Luke 1:15

1:15 for he will be great in the sight of the Lord. He must never drink wine or strong drink, and he will be filled with the Holy Spirit, even before his birth.

Luke 16:3

16:3 Then the manager said to himself, ‘What should I do, since my master is taking my position away from me? I’m not strong enough to dig, and I’m too ashamed to beg.

tn Grk “before.”

tn Grk “and he”; because of the length and complexity of the Greek sentence, the conjunction καί (kai) has not been translated here. Instead a new English sentence is begun in the translation.
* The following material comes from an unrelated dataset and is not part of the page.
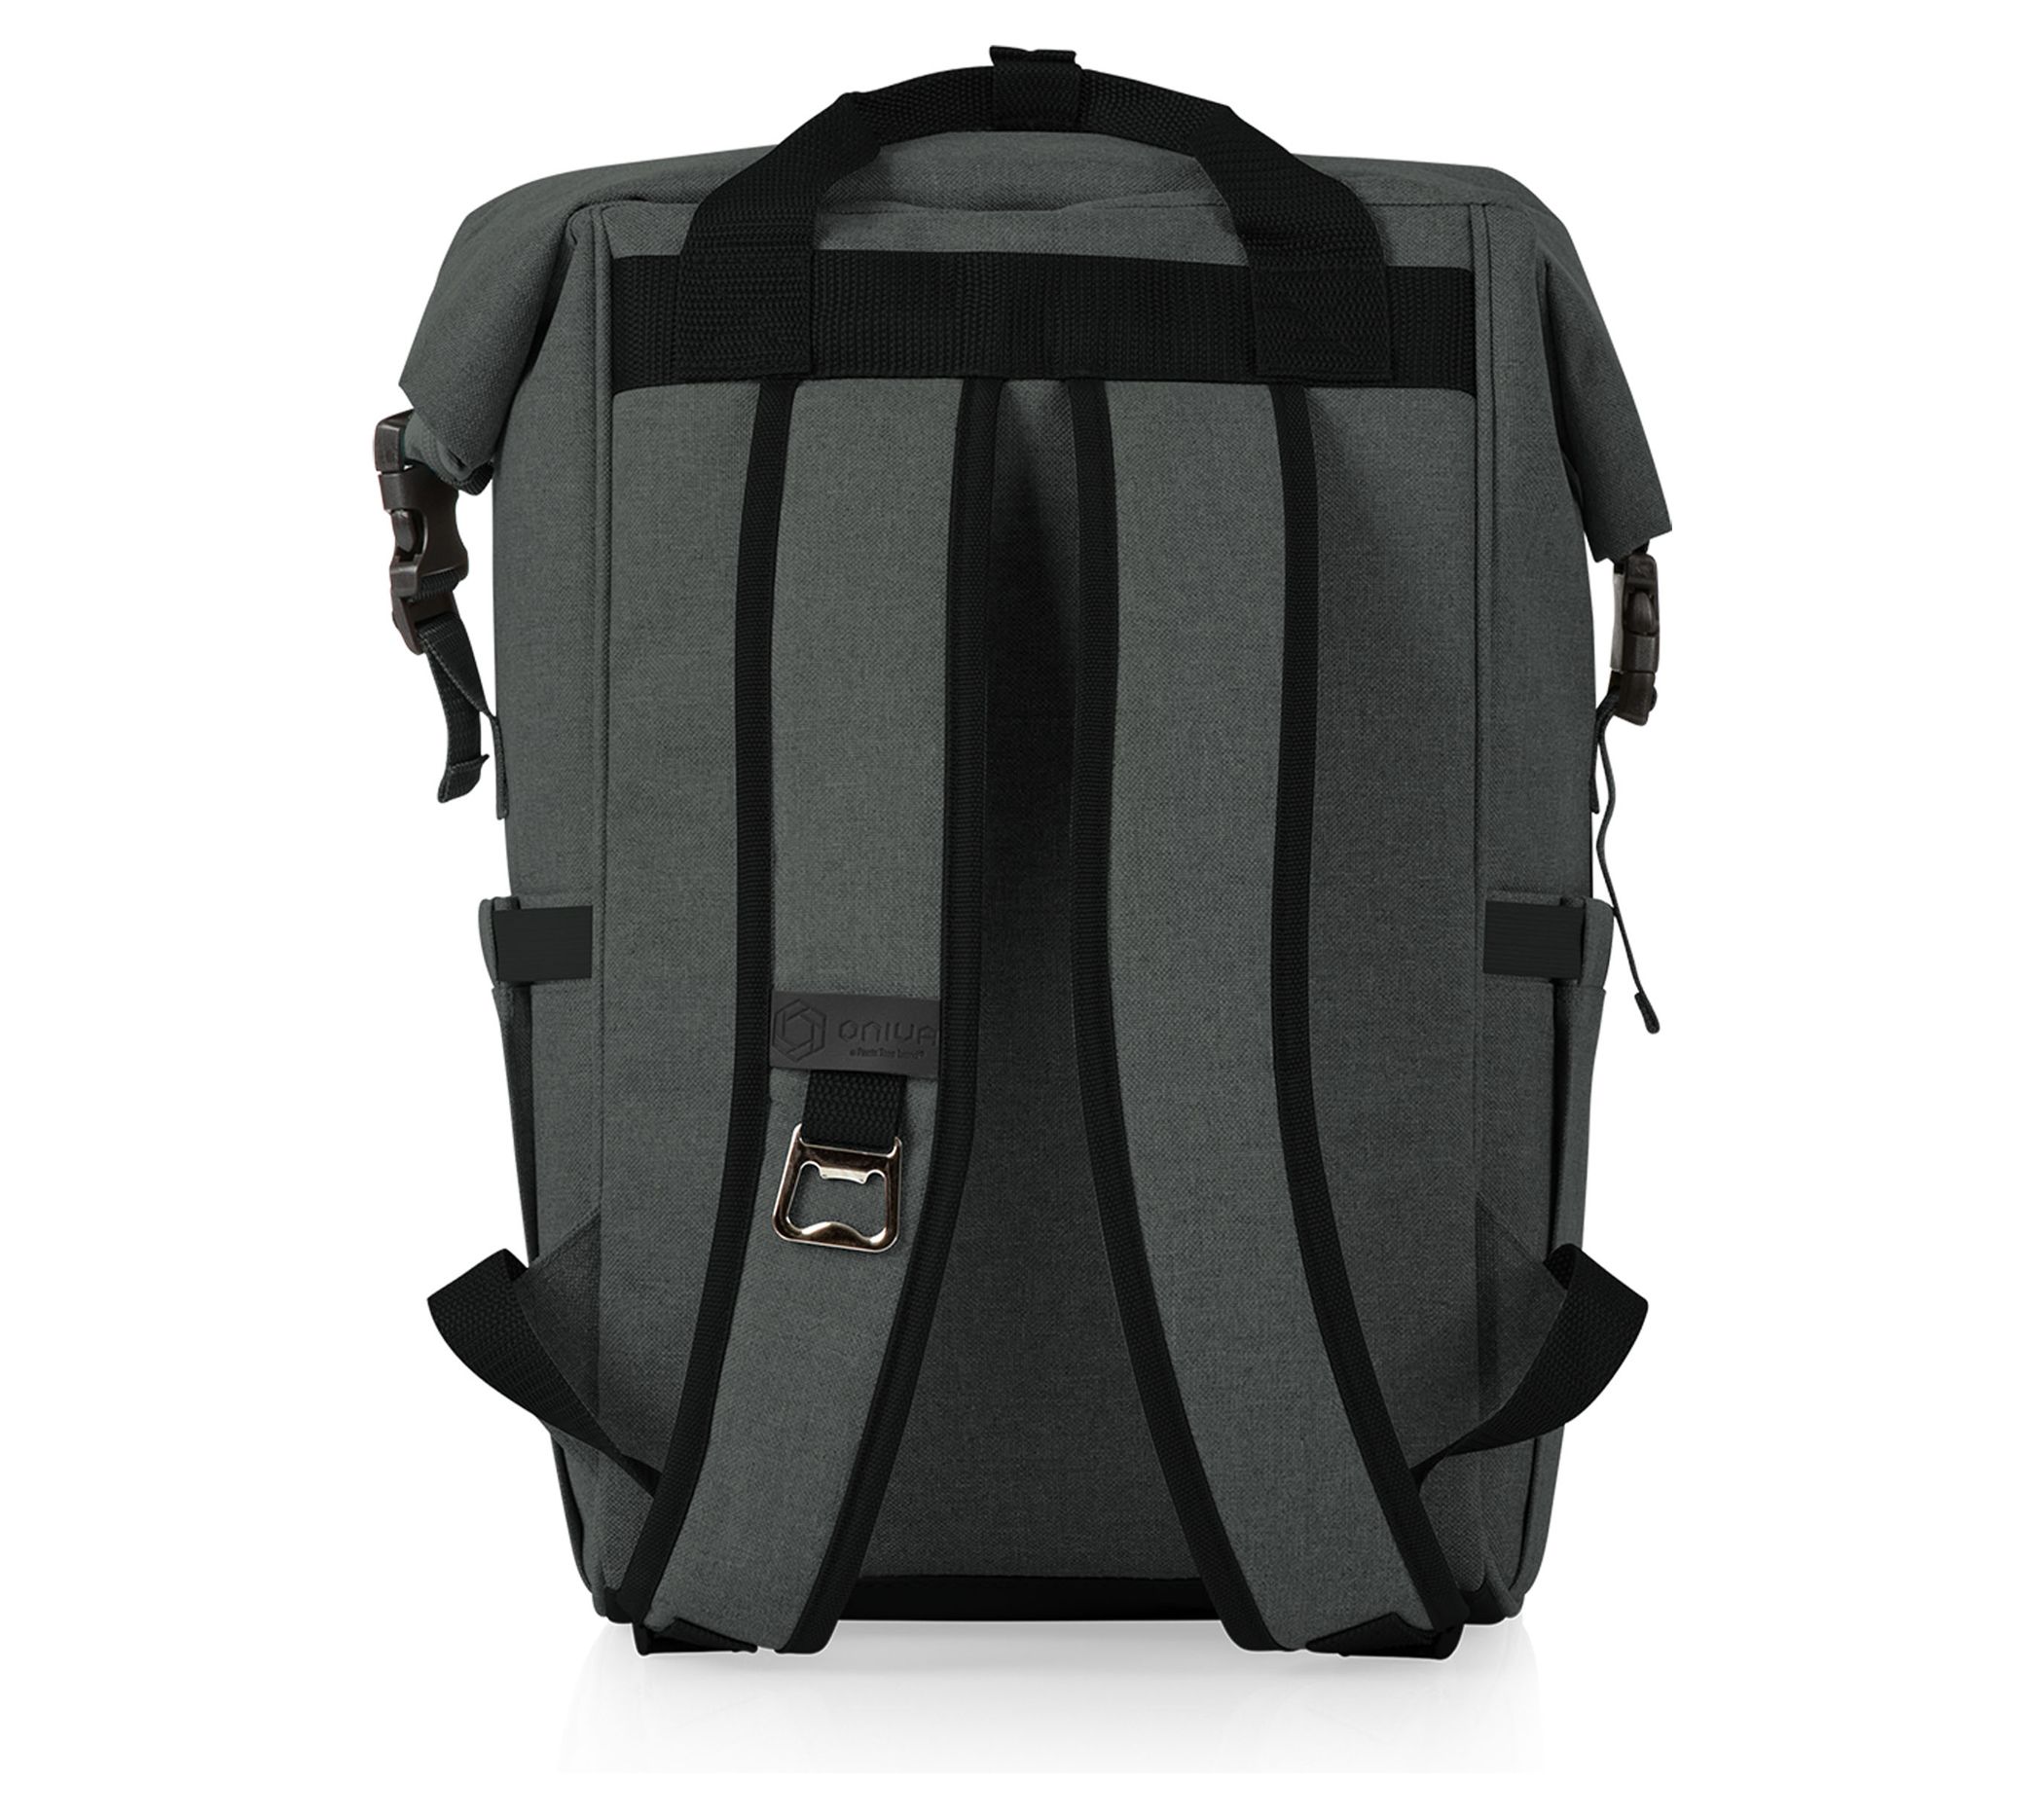 Tarana Backpack Cooler - Stylish & Eco-Friendly for On-the-Go

tn Grk “even from his mother’s womb.” While this idiom may be understood to refer to the point of birth (“even from his birth”), Luke 1:41 suggests that here it should be understood to refer to a time before birth.

sn He will be filled with the Holy Spirit, even before his birth. This is the language of the birth of a prophet (Judg 13:5, 7; Isa 49:1; Jer 1:5; Sir 49:7); see 1:41 for the first fulfillment.

tn Here δέ (de) has been translated as “then” to indicate the implied sequence of events in the parable.

tn Grk “the stewardship,” “the management.”

tn Here “dig” could refer (1) to excavation (“dig ditches,” L&N 19.55) or (2) to agricultural labor (“work the soil,” L&N 43.3). In either case this was labor performed by the uneducated, so it would be an insult as a job for a manager.

tn Grk “I do not have strength to dig; I am ashamed to beg.”

sn To beg would represent a real lowering of status for the manager, because many of those whom he had formerly collected debts from, he would now be forced to beg from.